Bronskis Garten in einem Hinterhof der Offenbacher Innenstadt
folgt dem
Konzept der „gehegten Wildnis“ und ist wegen dichter Büsche und dem Vogelbad für viele Kleinvögel eine Oase in der  Stadtwüste.
Hinten im Feuerdorn,
der bereits fast verblüht ist,
haben Amseln schon zwei
Jungvögel großgezogen.
Foto: Lutz „Bronski“ Büge

Im Homeoffice ist das Leben – nicht nur das Arbeitsleben – ein Einerlei, in dem man langfristig die Bezüge zu verlieren droht. Daher werde ich mir künftig mehr Abwechslung verschaffen und ein- bis zweimal pro Woche trotz allem in der Redaktion arbeiten. Dass ich einen schönen Garten besitze, sorgt nebenbei für Entspannung: Es macht einfach Spaß, beim Kaffee auf der Terrasse den Spatzen, Meisen und Amseln beim Baden zuzusehen. Manchmal kommen auch Ringeltauben. Wenn die fertig sind mit dem Baden, ist das Bad leer, und es muss nachgefüllt werden.

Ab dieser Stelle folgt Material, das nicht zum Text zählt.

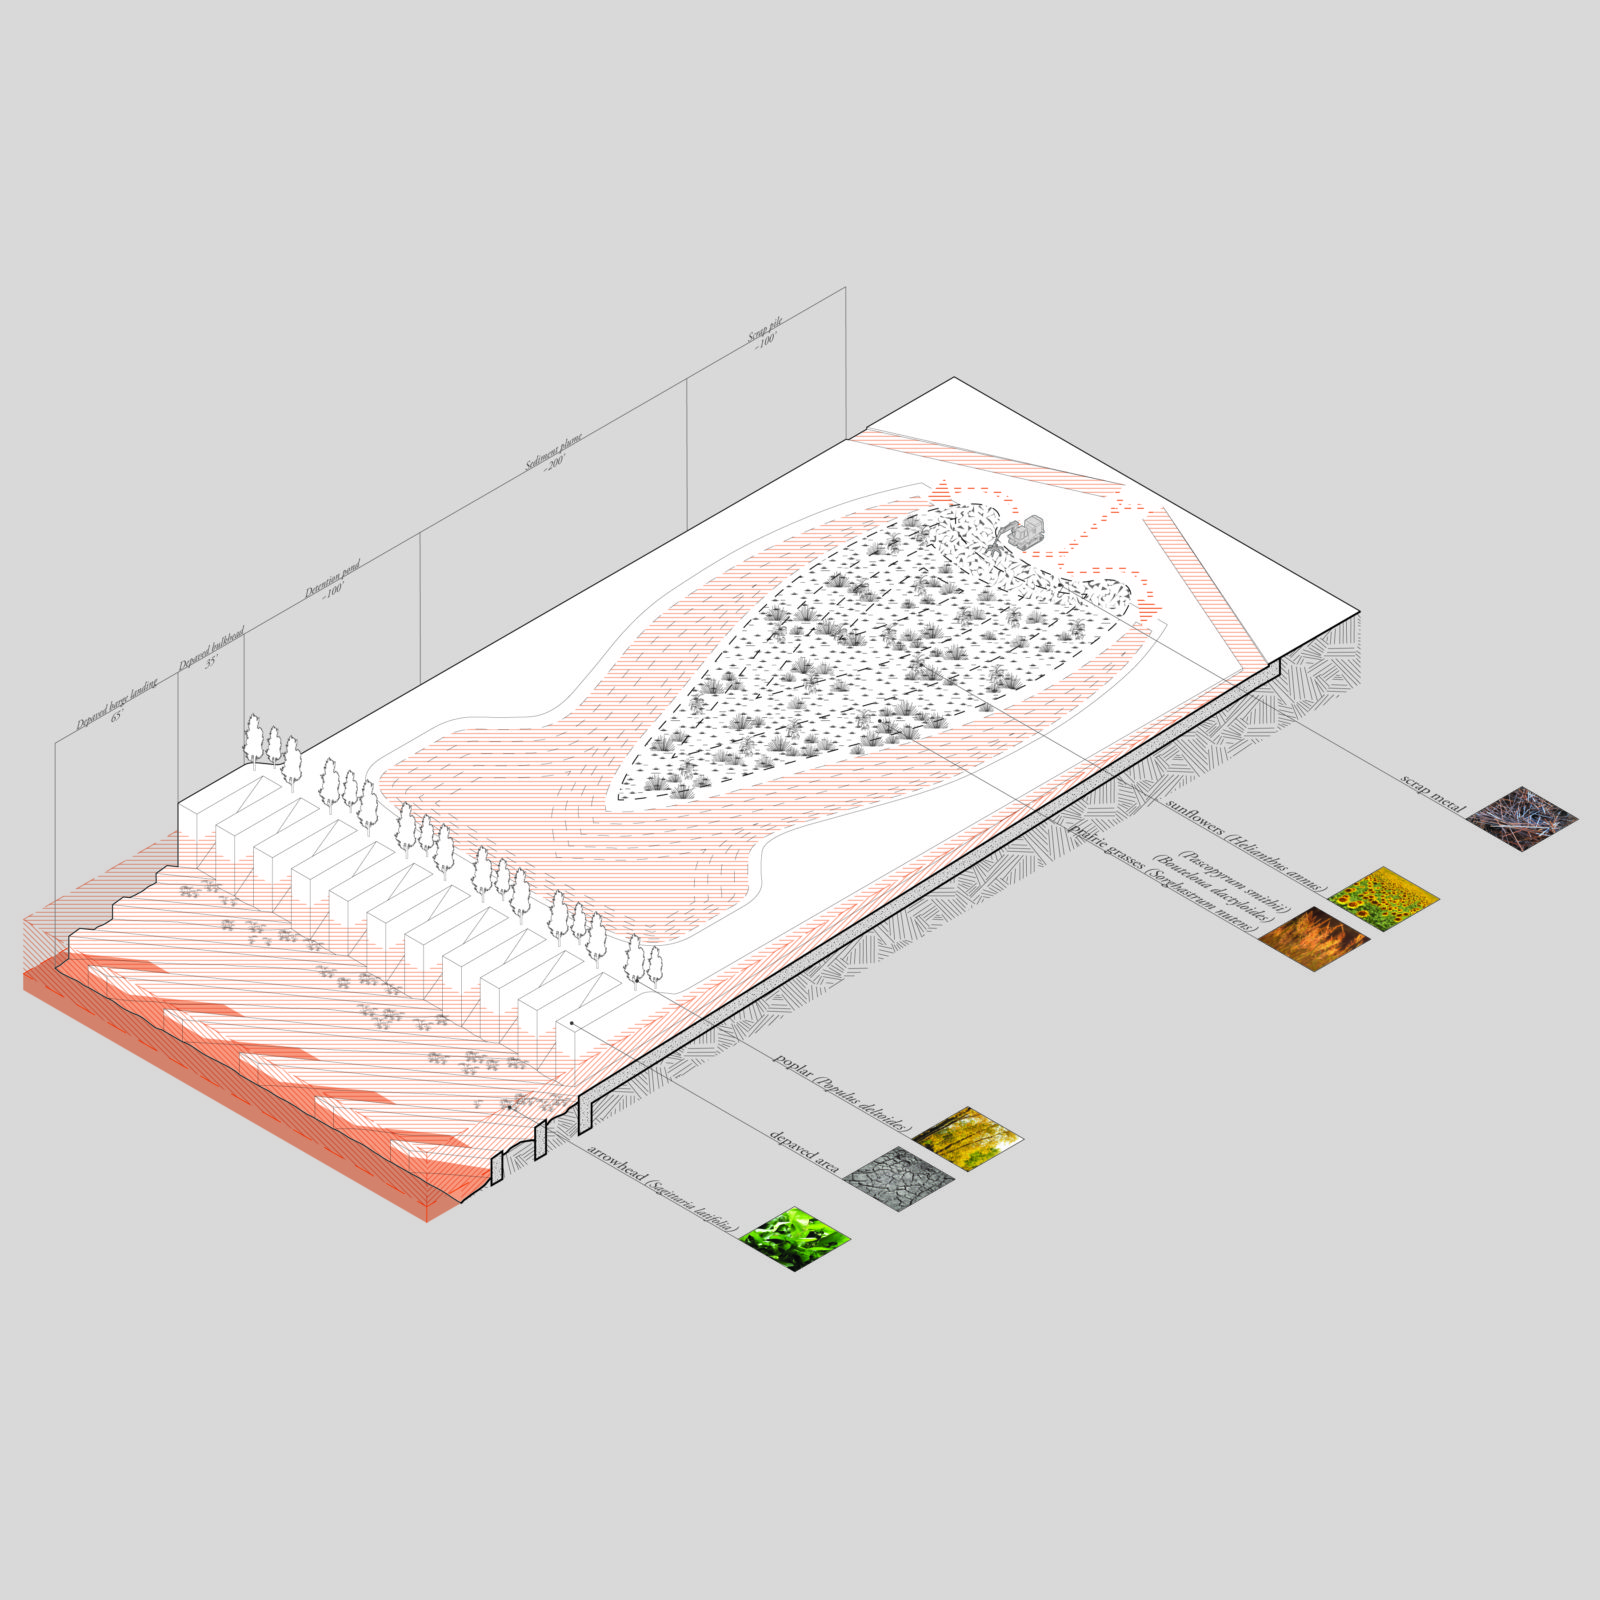 Axonometric view of project rendering by Adam Himes (MAUD '17) and Sophie Juneau (MArch '18), members of the Fall 2016 option studio "Re-tooling Metropolis." Image courtesy Adam Himes and Sophie Juneau.

Und dann ist da natürlich noch der bevorstehende Urlaub. Wir können entspannt sein: Es ist bereits alles geregelt. Alle Campingplätze sind gebucht! Das ist eigentlich nicht unsere Art zu reisen. Üblicherweise steigen wir in unseren Campingbus und steuern ein Ziel an, ohne zu buchen oder zu reservieren. Beim letzten Mal beispielsweise die Kleinstadt Tournus in der Bourgogne. Wie es anschließend weitergeht, entscheiden wir erst, wenn wir das Gefühl haben, dass wir weiterfahren wollen. Falls wir keinen Platz bekommen, haben wir eben Pech gehabt. Das macht nicht viel: Entweder finden wir einen anderen Platz – in Frankreich kein Problem, denn kein Land hat eine größere Dichte an Campingplätzen –, oder wir stellen uns für eine Nacht auf irgendeinen abgelegenen Parkplatz. Mit so einem Campingbus ist man relativ autark: Der Wohnbereich hat eine eigene Batterie, die stark genug ist, um viele Tage für Licht und den Betrieb der Pumpen zu sorgen; geheizt und gekocht wird mit Gas; auch der Kühlschrank kann mit Gas betrieben werden; und der Frischwassertank fasst hundert Liter. Damit kann man es auch ohne Zufuhren von außen ein Weilchen aushalten. Aber irgendwann braucht man natürlich wieder Wasser. Spätestens wenn die Toilette signalisiert: Ich bin voll!, ist klar: Die Grenze der Autarkie ist erreicht. Von da an könnte man allenfalls noch in die Natur machen, was vielleicht ökologischer wäre, aber nicht erlaubt ist.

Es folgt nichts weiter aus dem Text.